→ DATA SHOWN
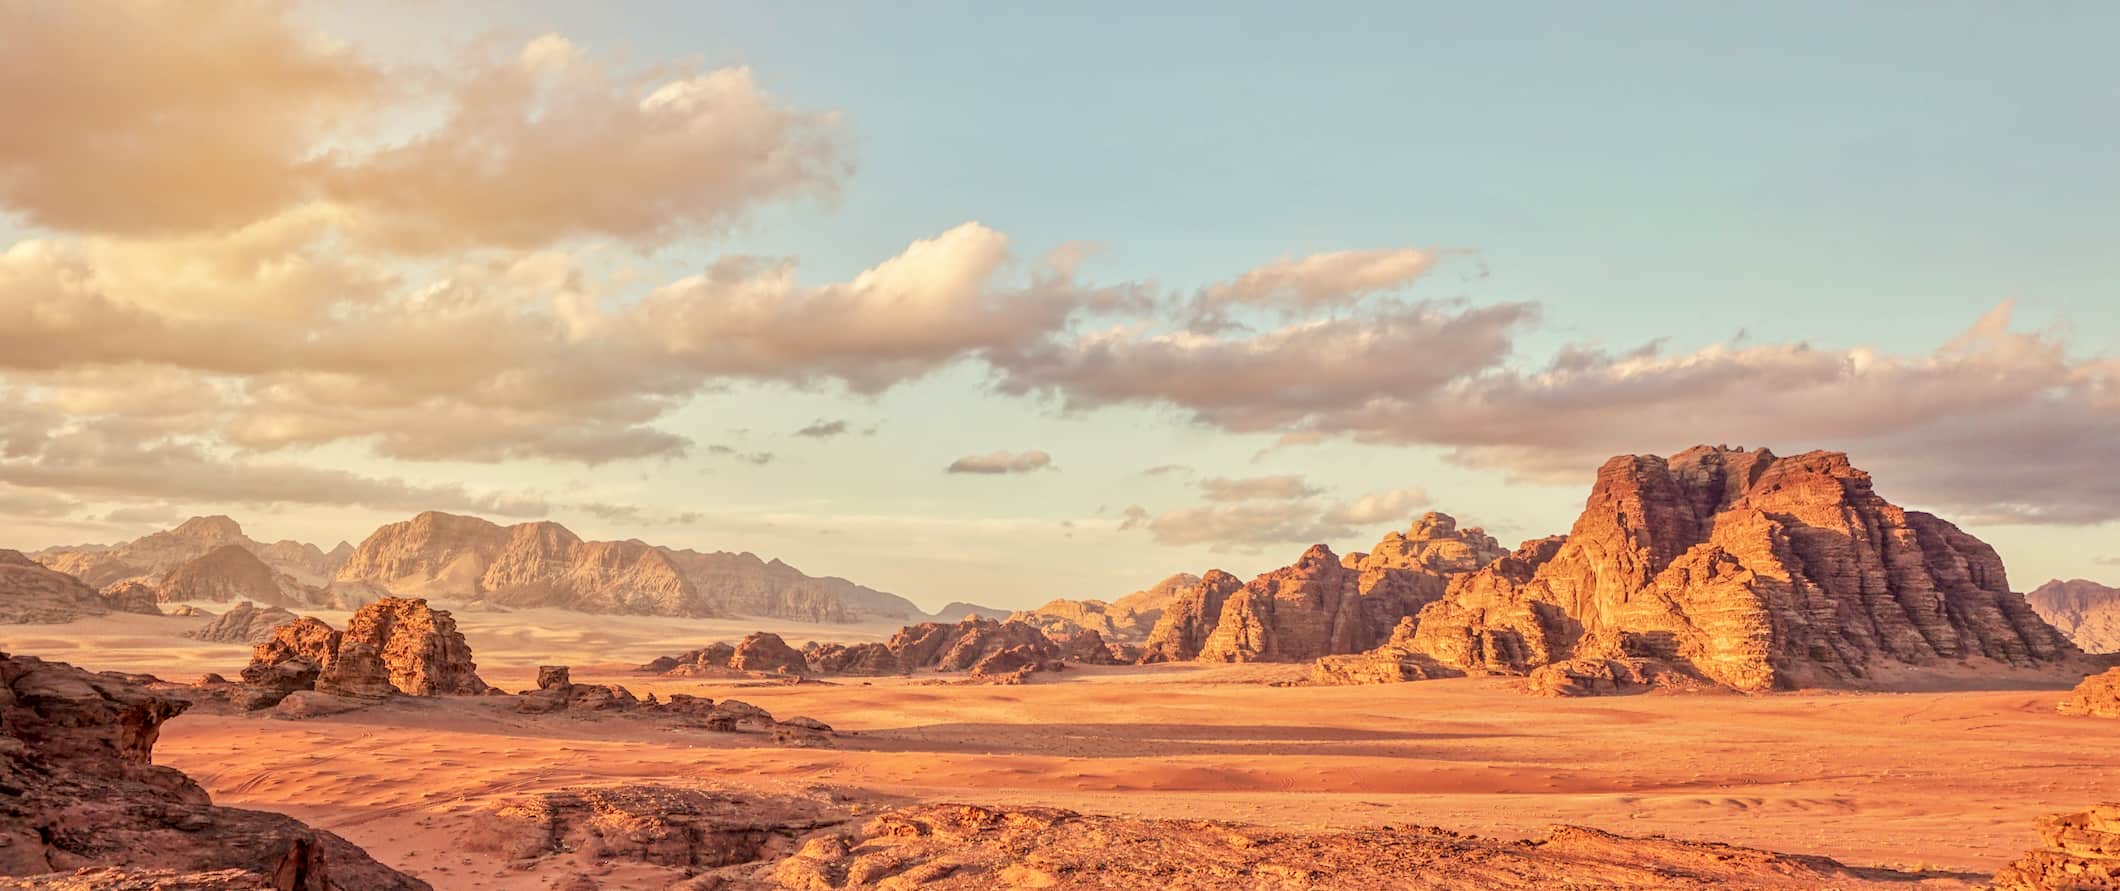 The rugged, desert landscape of Wadi Rum in Jordan sprawling into the horizon
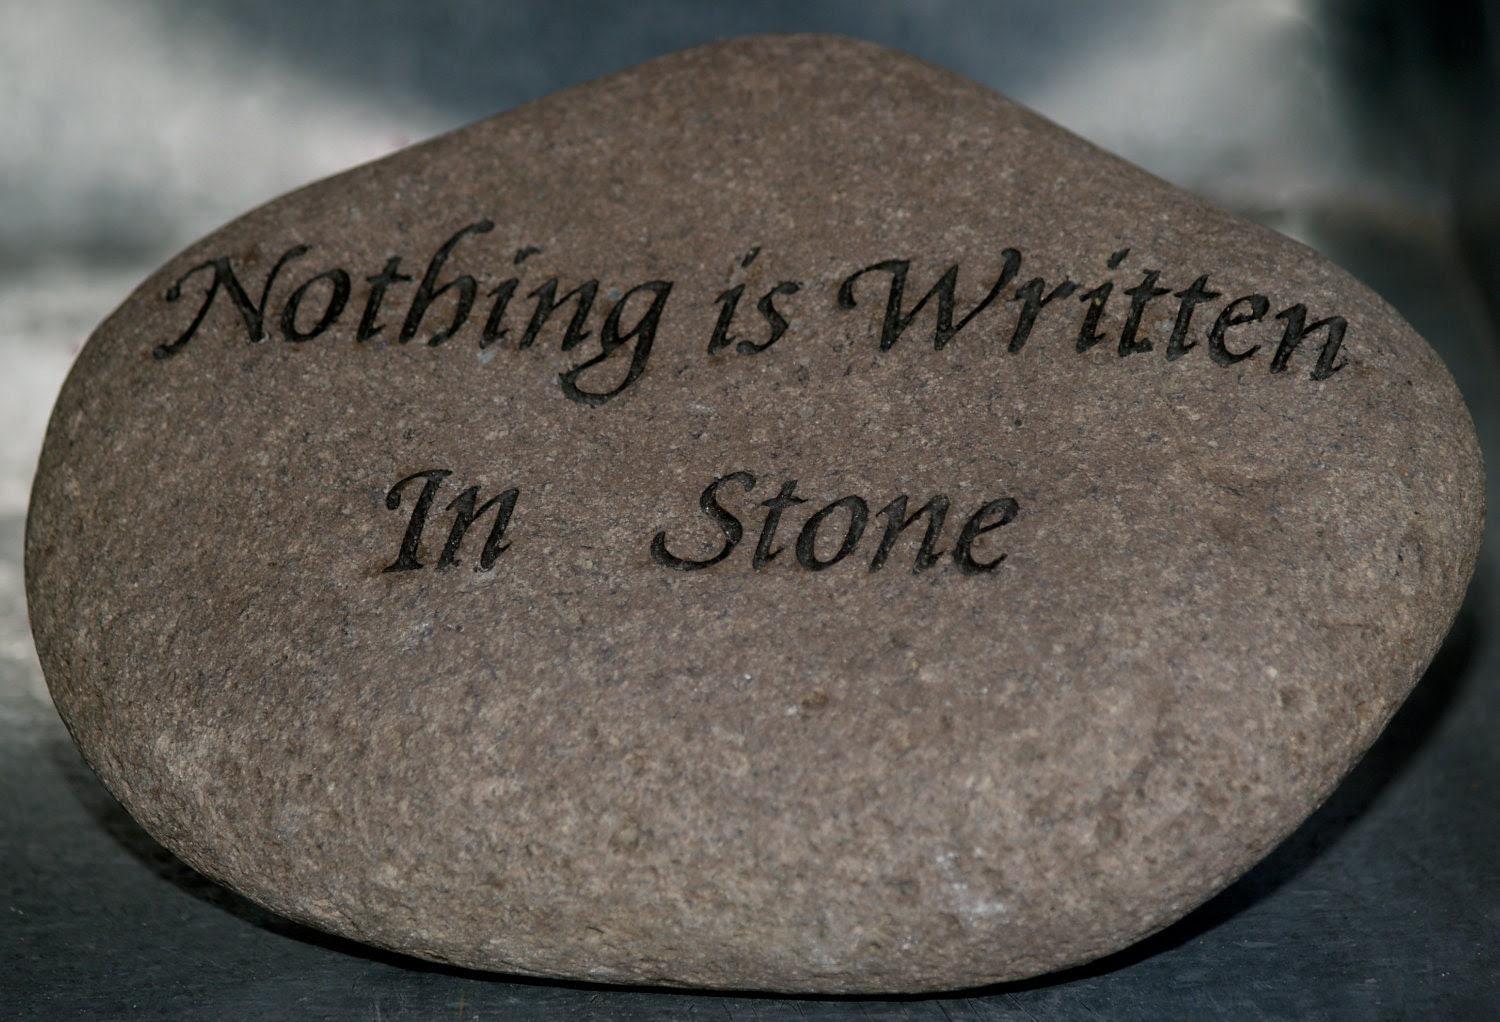 In Stone. Write on Stone. Nothing is written. Село Нинстинц writing on Stone.
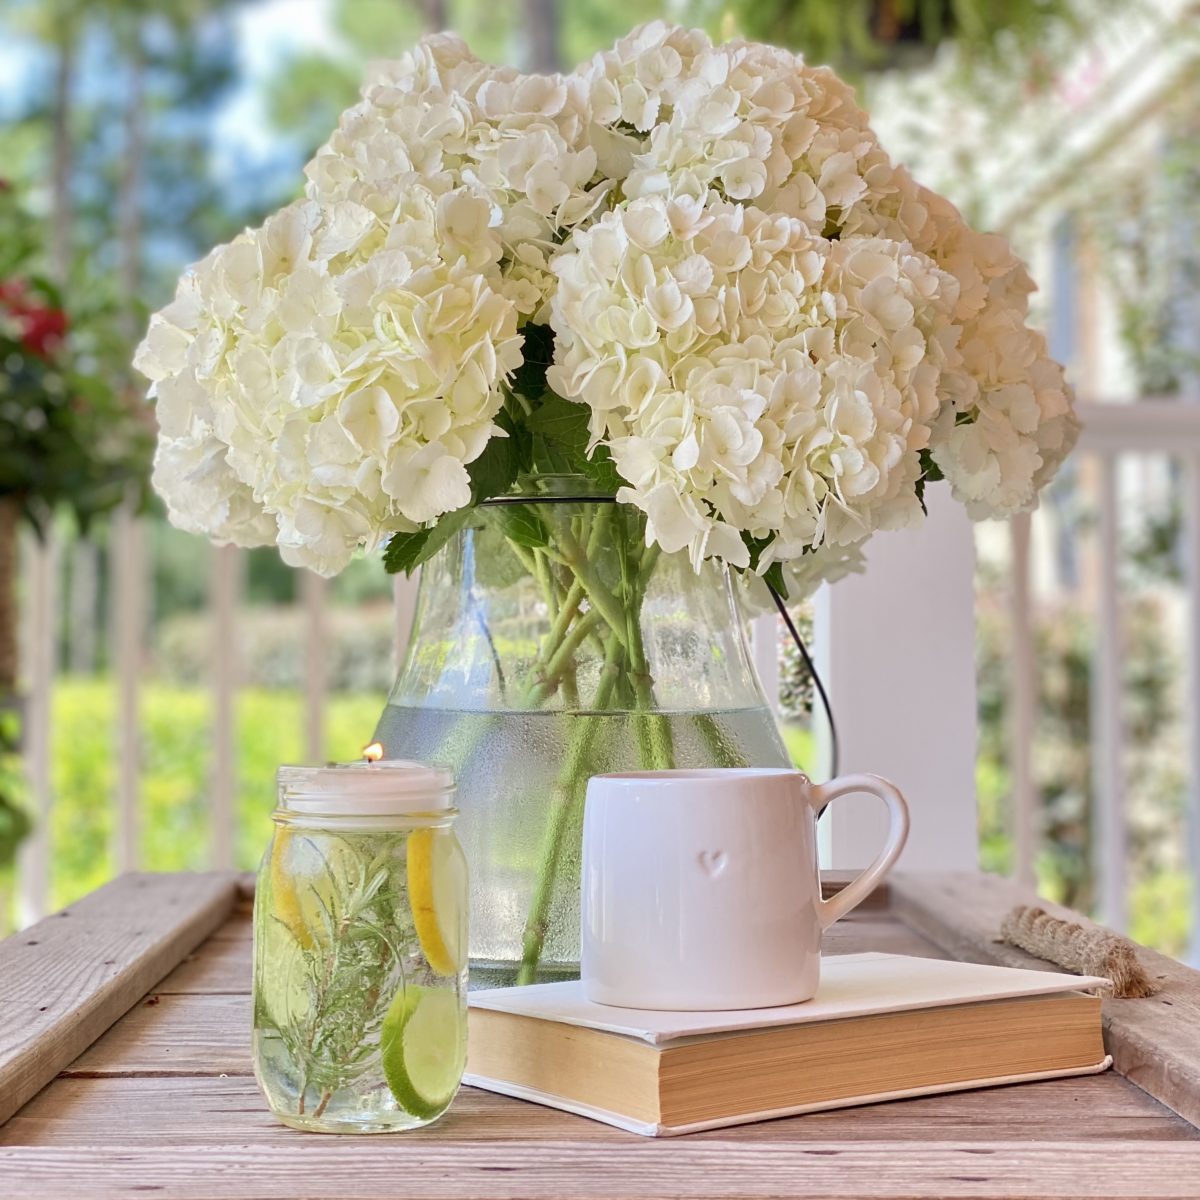 A DIY mason jar luminary on the porch coffee table with a book, a mug, and a vase of hydrangeas.
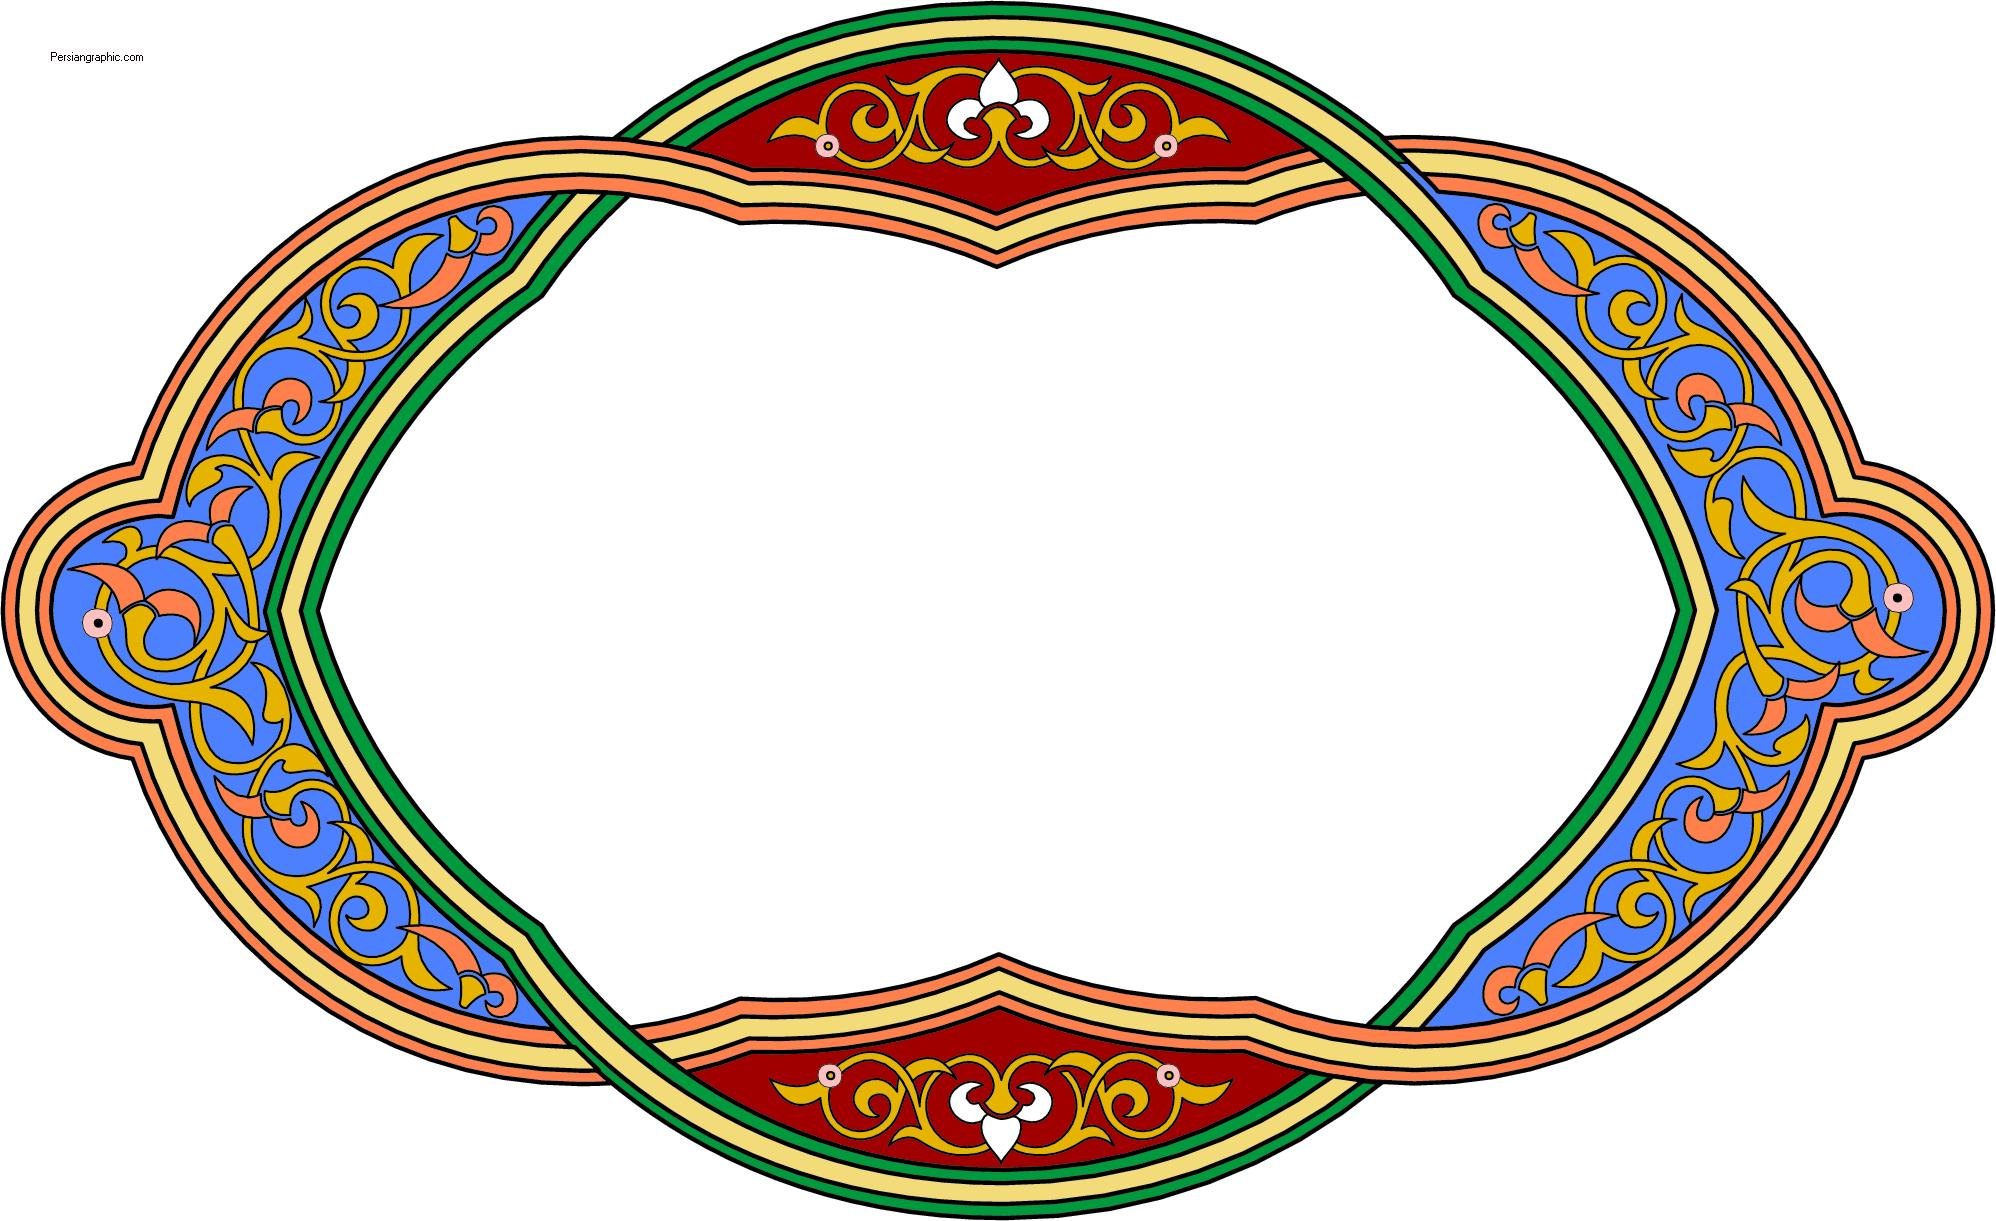 Казахский орнамент рамка

→ DIRECTIONS FOR THIS TASK
Output the data above in full. Skip every picture.

→ RESPONSE AREA
 The rugged, desert landscape of Wadi Rum in Jordan sprawling into the horizon
 In Stone. Write on Stone. Nothing is written. Село Нинстинц writing on Stone.
 A DIY mason jar luminary on the porch coffee table with a book, a mug, and a vase of hydrangeas.
 Казахский орнамент рамка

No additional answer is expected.